Have you ever been on a really horrible first date?
I have!
A few years ago while sitting in class a boy asked me on a date. At the time I was under the impression that if a boy asked me on a date, I had to go. It was hard for them to put their egos on the line, and the least I could do was say, “Sure.”
Anyway this boy was in my class, we'll call him "James" (because that really was his name) asked me to lunch. I knew he was a returned missionary. I also knew that he had only been home for a month. The moment I said, “Sure,” I realized I had broken my Date Rule #7. “No dating returned missionaries who have not been home for at least a year."
**Side Note: You see for two years these young men go fearlessly out into the world and preach the gospel to complete strangers.
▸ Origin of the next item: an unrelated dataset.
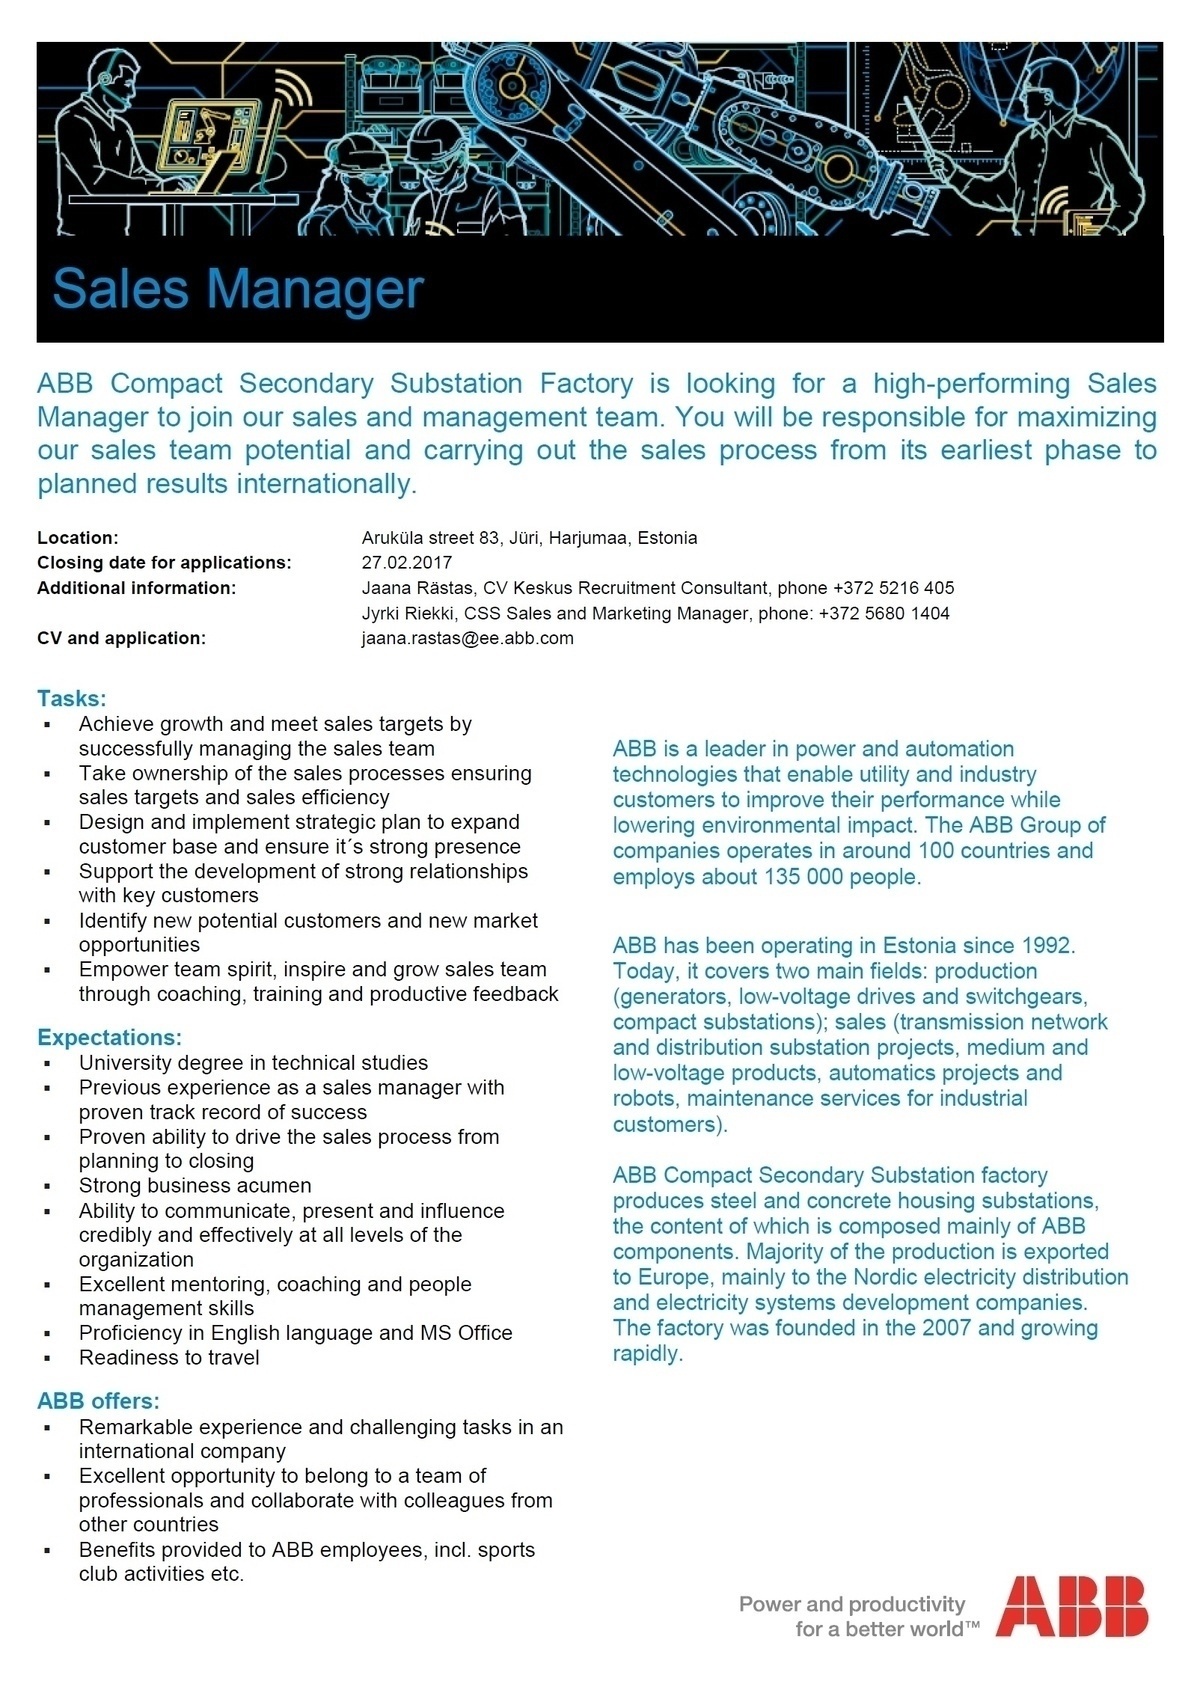 CV KESKUS OÜ ABB is looking for a Sales Manager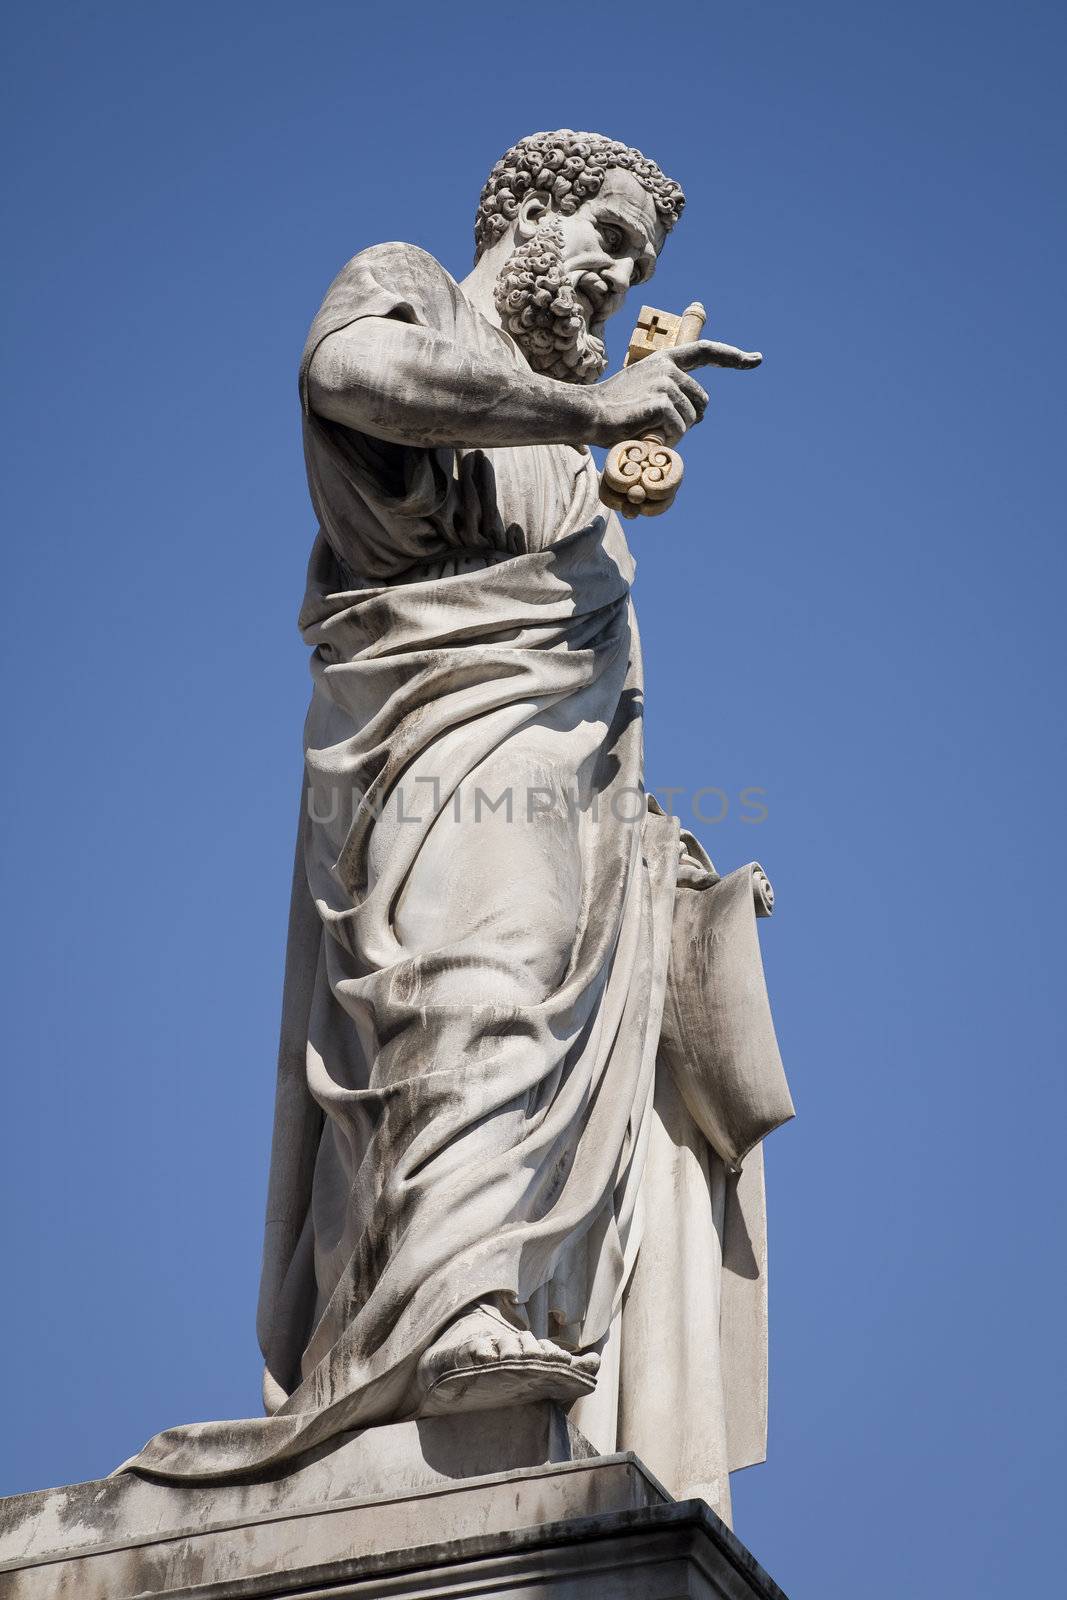 Statue of Saint Peter made by the Venetian sculptor Giuseppe De Fabris 1840. The key in the right hand is a symbol of power. It can be seen to the left outside the Sant Peters Basilica in Rome.

With all their dedication and preaching being the only thing on their mind 24/7, and always needing to be with another male companion, you can see how hard it might be for them to assimilate back into normal society. I decided that these young RM’s shouldn’t go on dates for at least a year, not even group dates, or any kind of “couples” event. They are just too socially awkward. **
With rule #7 broken, I figured, “Oh well, how bad will it be?”
I had no idea what I was in for.
I googled a picture of James, but I couldn't remember his last name,
so I found a picture of a nerdy missionary instead. Brothers,
and other nerdy RM's, please don't be mad.
“James” lived in Henderson, quite a ways away from my side of town, so we decided to meet rather than have him drive all the way to me and back to our date place which was out by his house. I reassured him I didn’t mind driving 45 minutes to the Galleria Mall for lunch, and really, I didn’t. I was happy to drive, that way, if the date was awful I could spare myself an awkwardly silent 45 minute drive home with him.
I don’t remember all the details of our date (where we went, what we did, etc.) But I do remember why it was so awful.
James asked me if I ever gambled. Just turning 21, I told him I did not but on my 21st birthday I did pull the Megabucks a few times. Judging from his reaction, I swear I had mentioned that I killed puppies and kicked the canes out from under the elderly. He literally raised his voice to reprimand me, “You know our church’s stance on gambling, etc.” and from there the conversation turned into something reminiscent of a Bishop’s interview that ended in me being ex-communicated…
After our lunch, I assumed the date went horribly enough that I would just go back to my car and go home. But oh no! James was not done with me yet. We had to go do some activity (what it was escapes me, I’ve blocked out traumatic memories) in which we had to leave the mall. He insisted we drive together in his car. I don’t remember where we went or the exact conversation (this was about 5 years ago), but I remember he mentioned the following things:
He loved my figure! He really liked that I was small, but athletic and that I worked out because this would create ideal circumstances for “breeding purposes.”
He liked that my legs were so long, because they could wrap around, “me, I mean your future husband when you consummate the marriage.”
He was curious about my stance on natural child birth vs. cesarean section. When I responded I had none it depended on what the doctor said the baby would need, he fired back with, “Well if you have a child naturally, you can’t have sex for 3 months.”
I don’t quite remember anything else about our date. Like I said, it’s a repressed memory. I know, however if I would have driven I would have left mid-lunch. Class was fairly awkward for poor James the following Monday. When he decided to sit next to me and bring up plans for a second date, I suddenly forgot how to speak English.